▸ Data shown

-*-*-

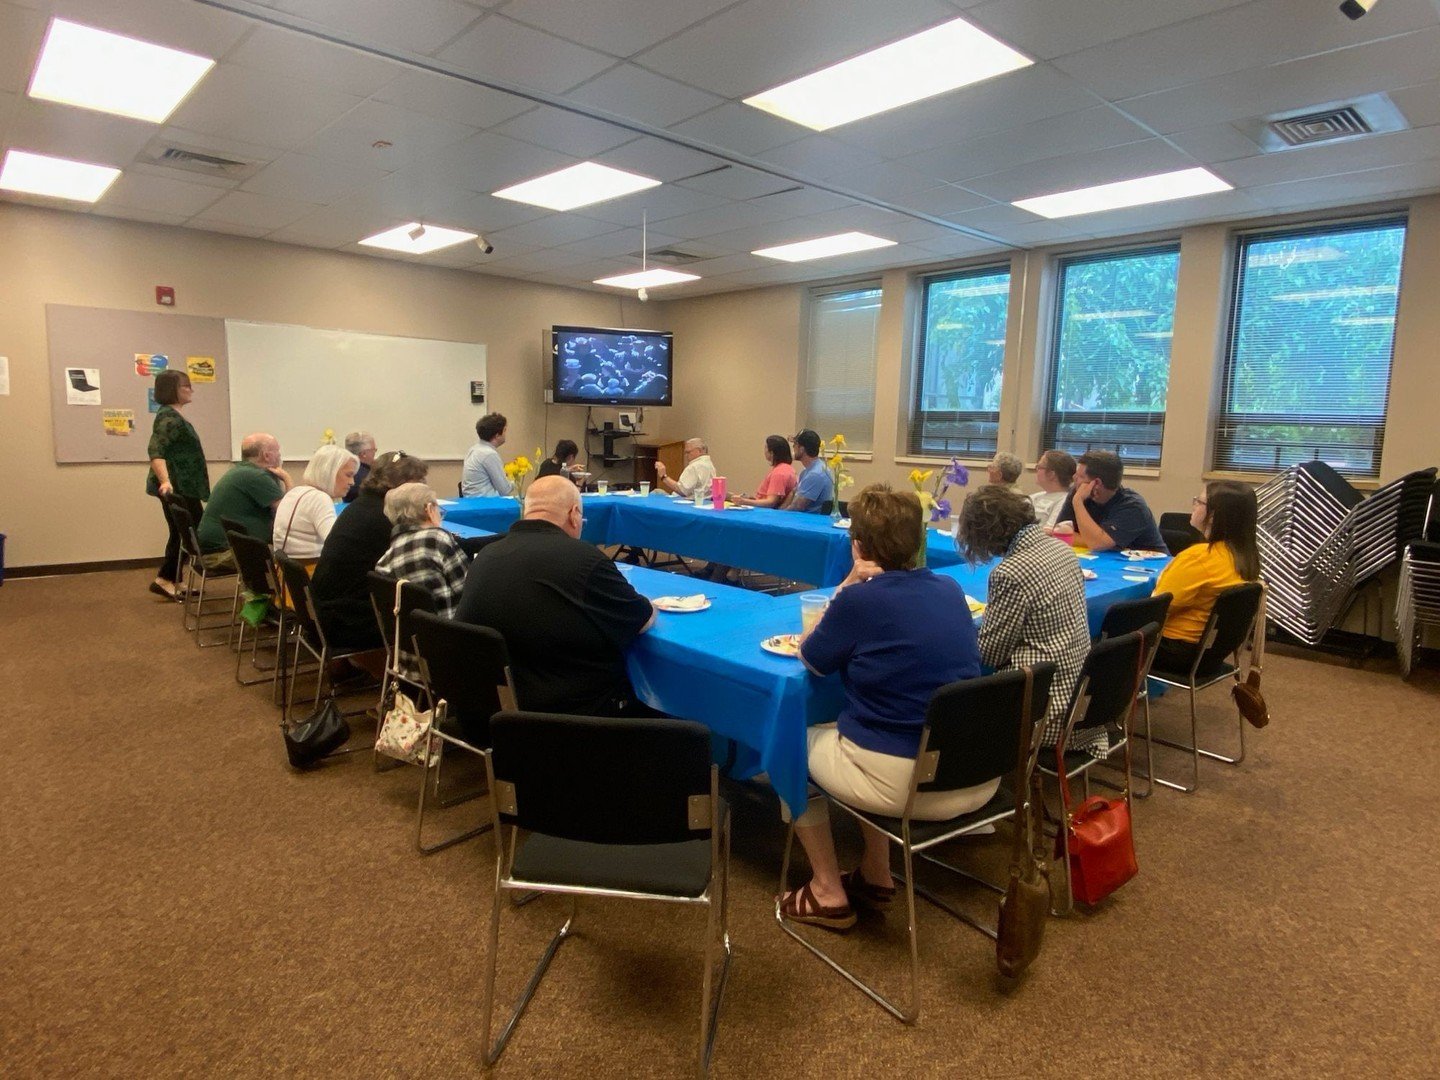 Thank you for joining us at out Dinner for Newcomers at East Heights!  It was an evening of warmth and connection as our guests, pastors and staff shared in fellowship and faith. Welcome to our community!  Looking forward to more wonderful moments to
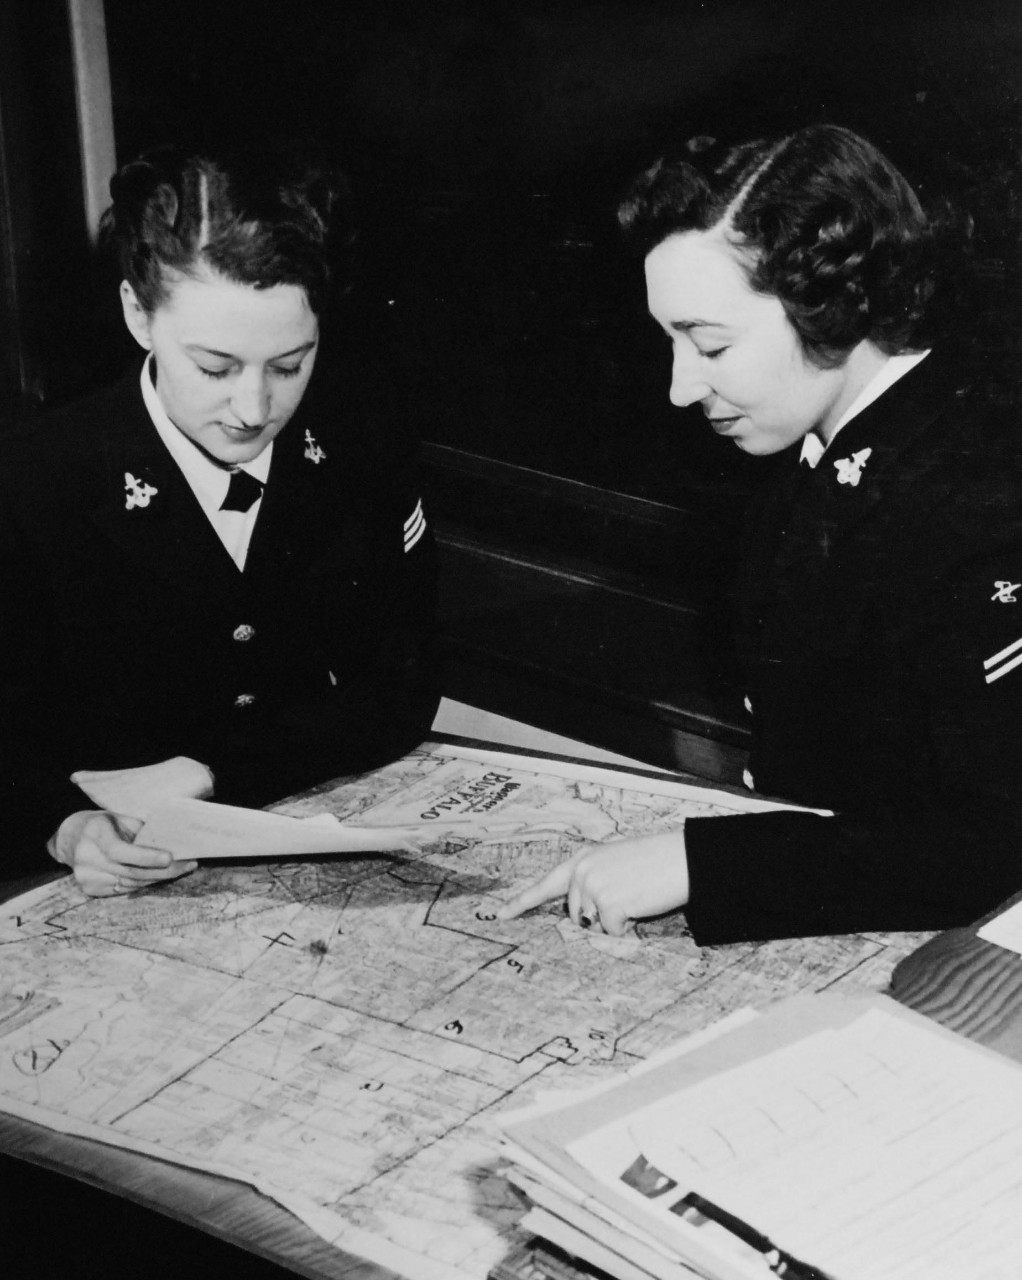 80-G-428486:   WAVES at Fleet Hometown News Center, Naval Training Center, Great Lakes, Illinois, May 1951.    Seaman Shirley L. Macdonald and Seaman Apprentice Elizabeth (?) pinpoint the news.  They are locating areas in cities in order to send news items to community newspapers.   Official U.S. Navy photograph, now in the collections of the National Archives. 
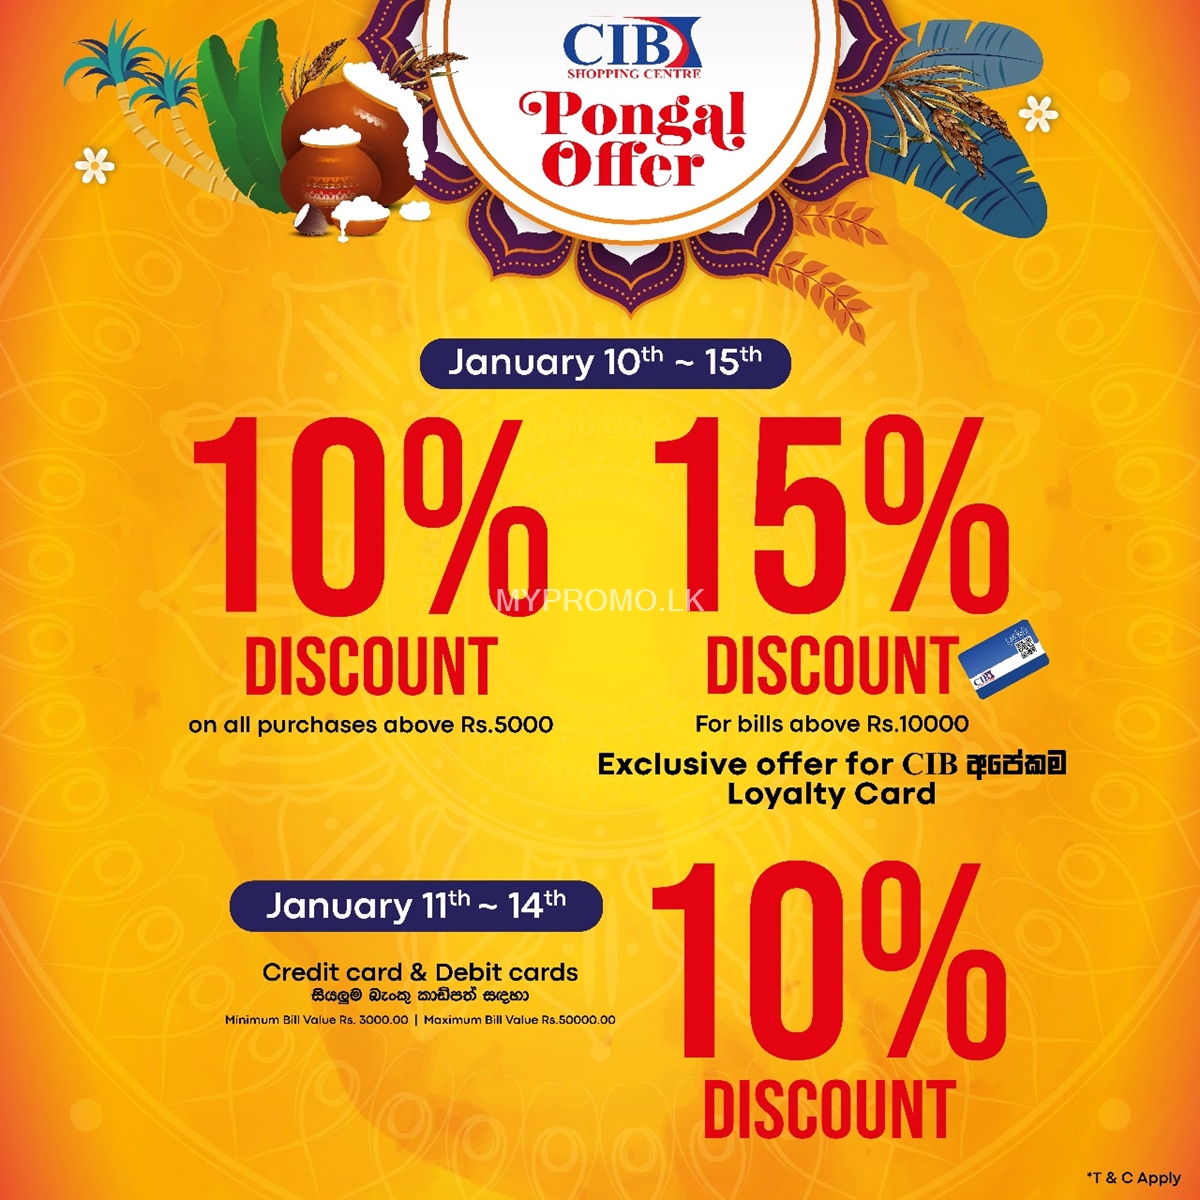 Get up to 15% Discount at CIB Shopping Centre
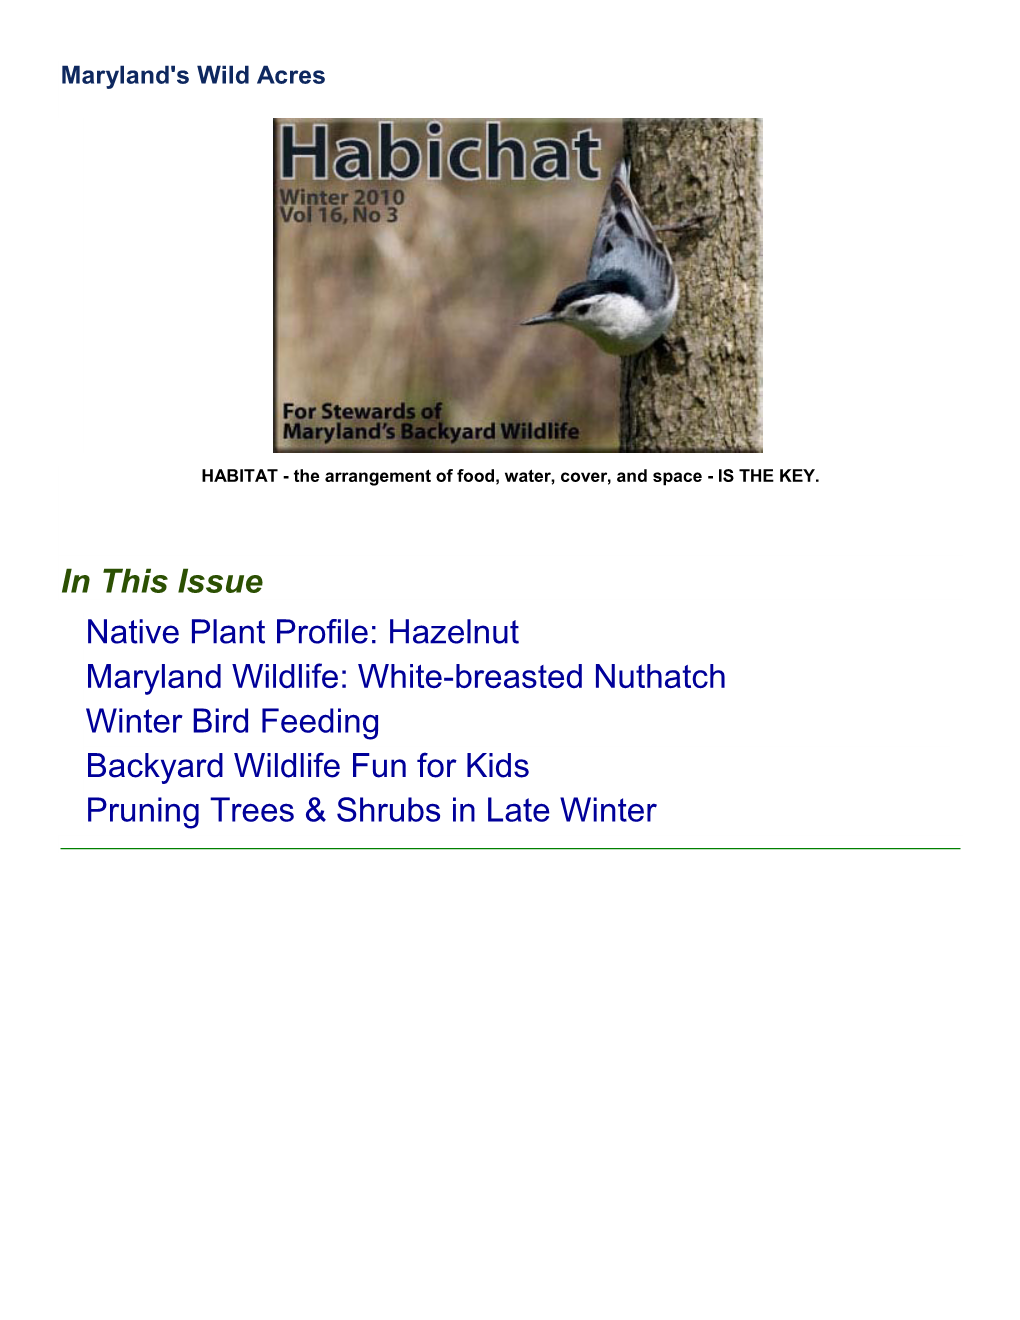 White-Breasted Nuthatch Winter Bird Feeding Backyard Wildlife Fun for Kids Pruning Trees & Shrubs in Late Winter

-*-*-

▸ The task
Without the pictures, retype all of the data above exactly.

▸ The completed task
 Thank you for joining us at out Dinner for Newcomers at East Heights!  It was an evening of warmth and connection as our guests, pastors and staff shared in fellowship and faith. Welcome to our community!  Looking forward to more wonderful moments to
 80-G-428486:   WAVES at Fleet Hometown News Center, Naval Training Center, Great Lakes, Illinois, May 1951.    Seaman Shirley L. Macdonald and Seaman Apprentice Elizabeth (?) pinpoint the news.  They are locating areas in cities in order to send news items to community newspapers.   Official U.S. Navy photograph, now in the collections of the National Archives. 
 Get up to 15% Discount at CIB Shopping Centre
 White-Breasted Nuthatch Winter Bird Feeding Backyard Wildlife Fun for Kids Pruning Trees & Shrubs in Late Winter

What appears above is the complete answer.